The aws_sagemaker_endpoint_configuration resource has been released in version 2.4.0 of the Terraform AWS provider. Please see the Terraform documentation on provider versioning or reach out if you need any assistance upgrading.

gattil commented 5 years ago

It would be really great to have the notebook lifecycle implemented. This is crucial for one of my clients.

bflad commented 5 years ago

Hi folks 👋 The following will be releasing in version 2.5.0 of the Terraform AWS Provider shortly:

rverma-nikiai commented 5 years ago

@bflad Is this released?

tdmalone commented 5 years ago

@rverma-nikiai The resources available for the AWS provider can be found at https://www.terraform.io/docs/providers/aws/ - if you type 'sagemaker' in the search box at the top left the resources mentioned above (and the new argument) have indeed been released.

bcatubig commented 5 years ago

Created a new PR for DirectInternetAccess support as I nuked my previous PR by mistake.
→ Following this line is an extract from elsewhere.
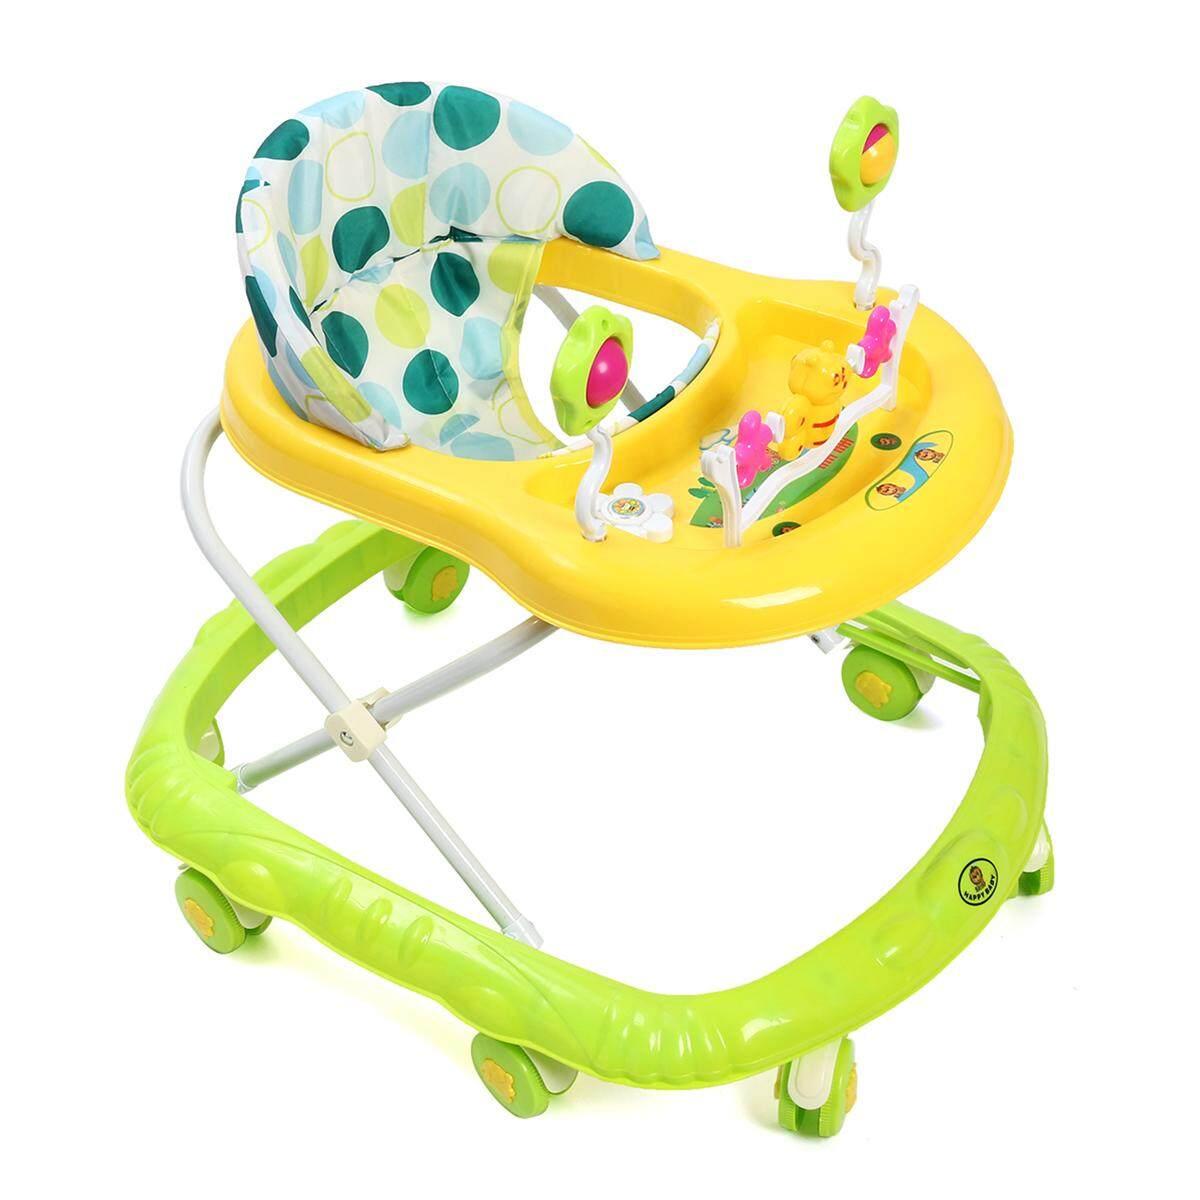 Wanderer Baby Walker Adjustable Activity Learn Toddler Mummy Toys Walk Jumper By Freebang.
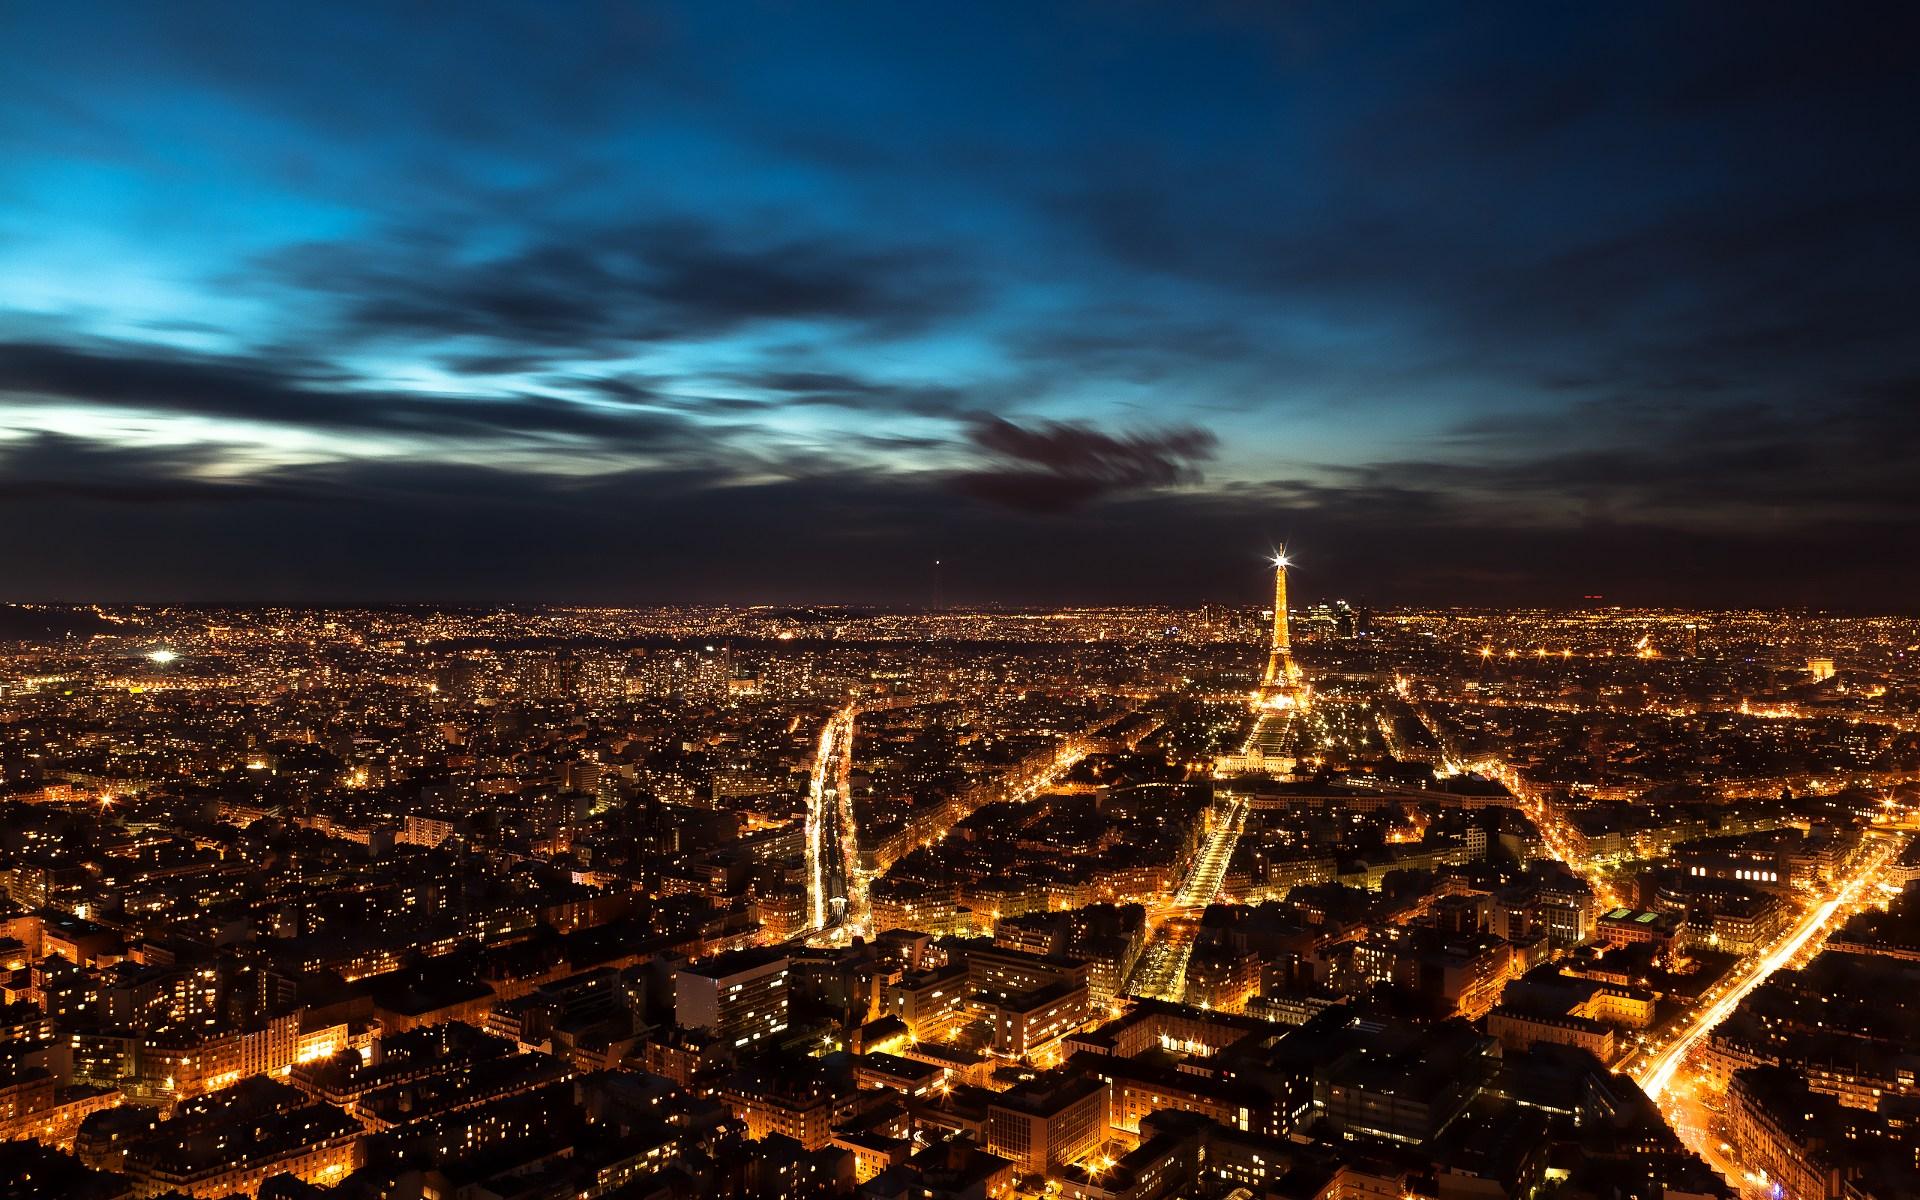 Hd wallpaper paris - Paris Night Sky Hd Wallpaper Theme Bin Customization Hd

The new PR is https://github.com/terraform-providers/terraform-provider-aws/pull/8618

LarsNeR commented 5 years ago

Is it possible to change the timeout for creating the sagemaker endpoint? For me it stops after 1m saying

ResourceNotReady: failed waiting for successful resource state

Usually creating the endpoint I have takes around 15 minutes. Adding timeouts { create = "30m" delete = "30m" } like it is possible on other resources gives me:

Error decoding timeout: Timeout Key (create) is not supported

bflad commented 5 years ago

Hi @LarsNeR 👋 My recommendation would be to open submit new GitHub issues following the bug report and feature request templates for existing functionality. These large "support service X" GitHub issues tend to not have a clear definition of done and usually get closed out in preference of more targeted issues for tracking individual asks.